И, повернувшись к патагонцу, он вновь спросил его:
– Espanol?[42]
– Si, si![43] – ответил туземец.
Удивление Паганеля превратилось в остолбенение. Майор и Гленарван украдкой переглядывались.
– А знаете, мой ученый друг, – начал, слегка улыбаясь, майор, – не произошло ли здесь чего-нибудь в результате той феноменальной вашей рассеянности, на которую, мне кажется, у вас имеется монополия?
– Как? Что? – насторожился географ.
– Дело в том, что патагонец несомненно говорит по-испански.
– Он?
– Да, он! Уж не изучили ли вы случайно другой язык, приняв его…
Мак-Наббс не успел договорить. Громогласное «О!», сопровождаемое пожатием плеч, прервало его.
– Вы немножко слишком далеко заходите, майор, – сказал Паганель довольно сухо.
– Но чем же объяснить, что вы его не понимаете? – ответил Мак-Наббс.
– Не понимаю я потому, что этот туземец говорит на плохом испанском языке! – ответил, начиная раздражаться, географ.
– Так вы считаете, что он говорит на плохом наречии, только потому, что вы его не понимаете? – спокойно спросил майор.
– Послушайте, Мак-Наббс, – вмешался Гленарван, – ваше предположение невероятно.
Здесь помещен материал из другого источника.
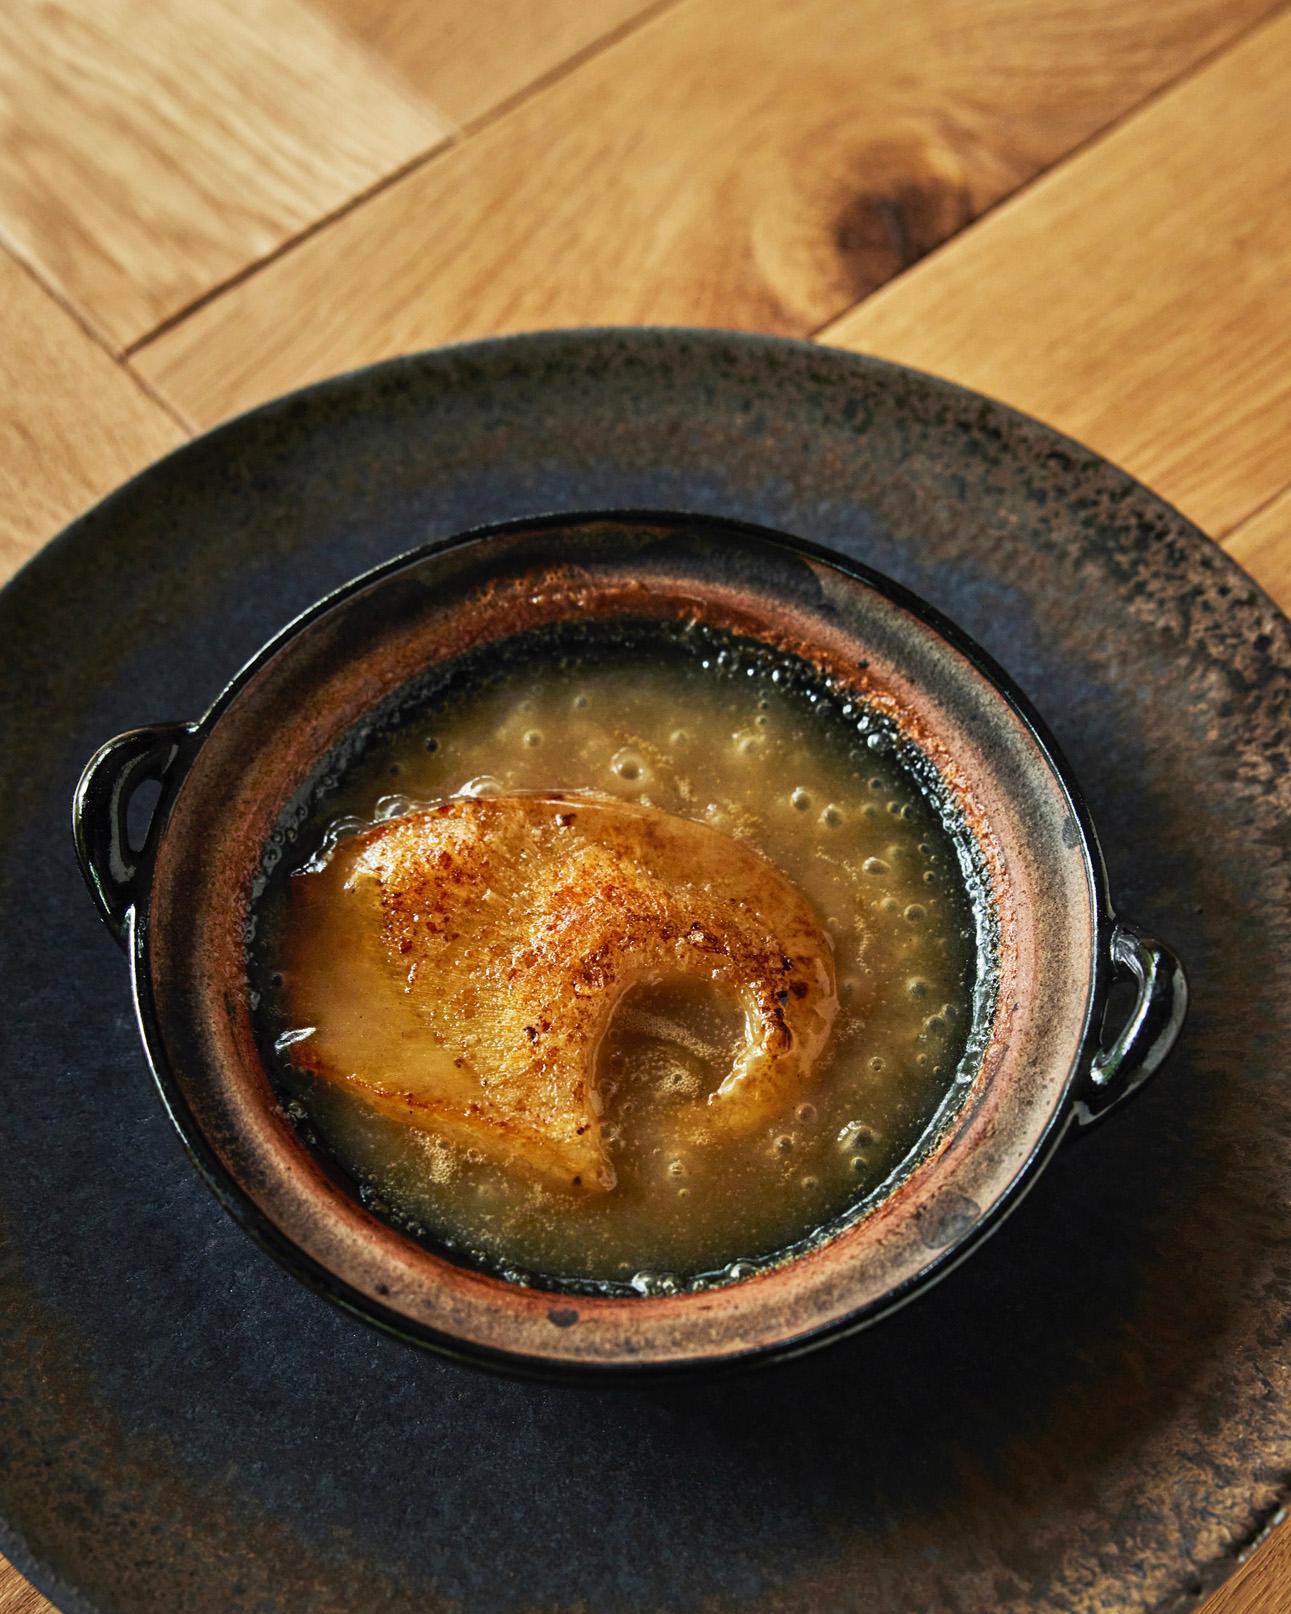 柔らかく蒸しあげたフカヒレと、美味鶏のガラやモミジを7～8時間煮込んだ白湯スープを合わせたひと皿。

Как ни рассеян наш друг Паганель, все же нельзя допустить, чтобы его рассеянность дошла до того, что он мог изучить один язык вместо другого.
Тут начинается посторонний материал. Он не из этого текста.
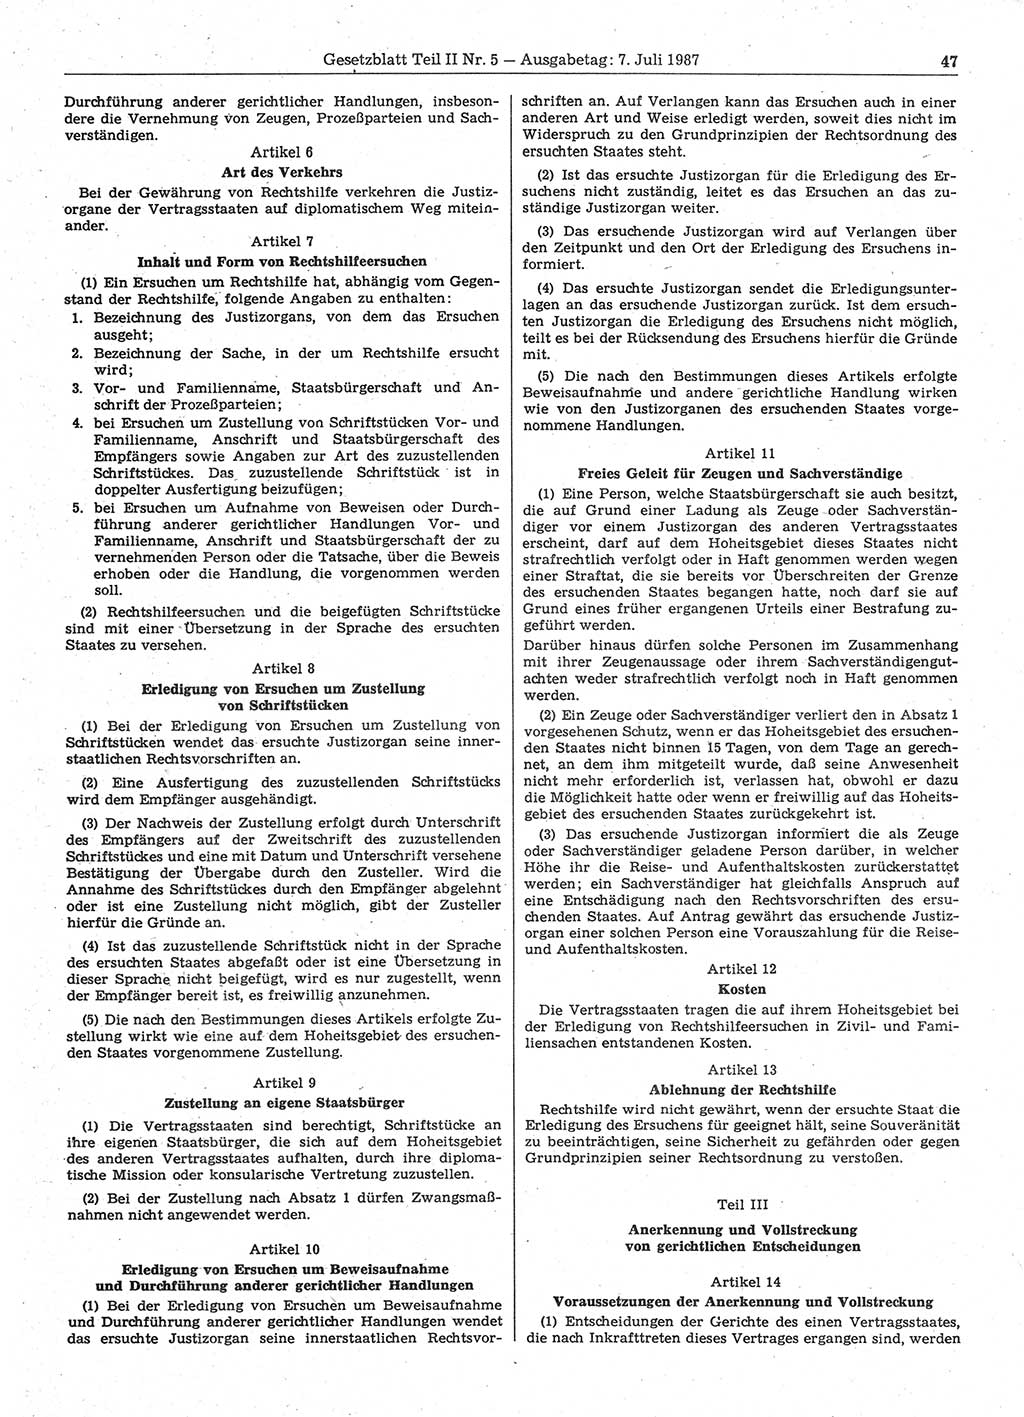 Gesetzblatt (GBl.) der Deutschen Demokratischen Republik (DDR) Teil ⅠⅠ 1987, Seite 47 (GBl. DDR ⅠⅠ 1987, S. 47)

– Тогда, дорогой Эдуард, или лучше вы, почтенный Паганель, объясните мне: что здесь происходит?
– Мне нечего объяснять: я констатирую, – ответил географ. – Вот книга, которой я ежедневно пользуюсь для преодоления трудностей испанского языка. Посмотрите на нее, майор, и вы увидите, что я не ввожу вас в заблуждение!
С этими словами Паганель начал рыться в своих многочисленных карманах и через несколько минут поисков вытащил весьма потрепанный томик, который и подал с уверенным видом майору. Тот взял книжку и посмотрел на нее.
– Что это за литературное произведение? – спросил он.
– Это «Луизиада», – ответил Паганель, – великолепная героическая поэма, которая…
– «Луизиада»? – воскликнул Гленарван.
– Да, друг мой, не более не менее, как «Луизиада» великого Камоэнса!
– Камоэнса? – повторил Гленарван. – Но, бедный друг мой, ведь Камоэнс – португалец! Вы в течение последних шести недель изучаете португальский язык!
– Камоэнс… «Луизиада»… Португальский язык… – вот все, что мог пролепетать Паганель.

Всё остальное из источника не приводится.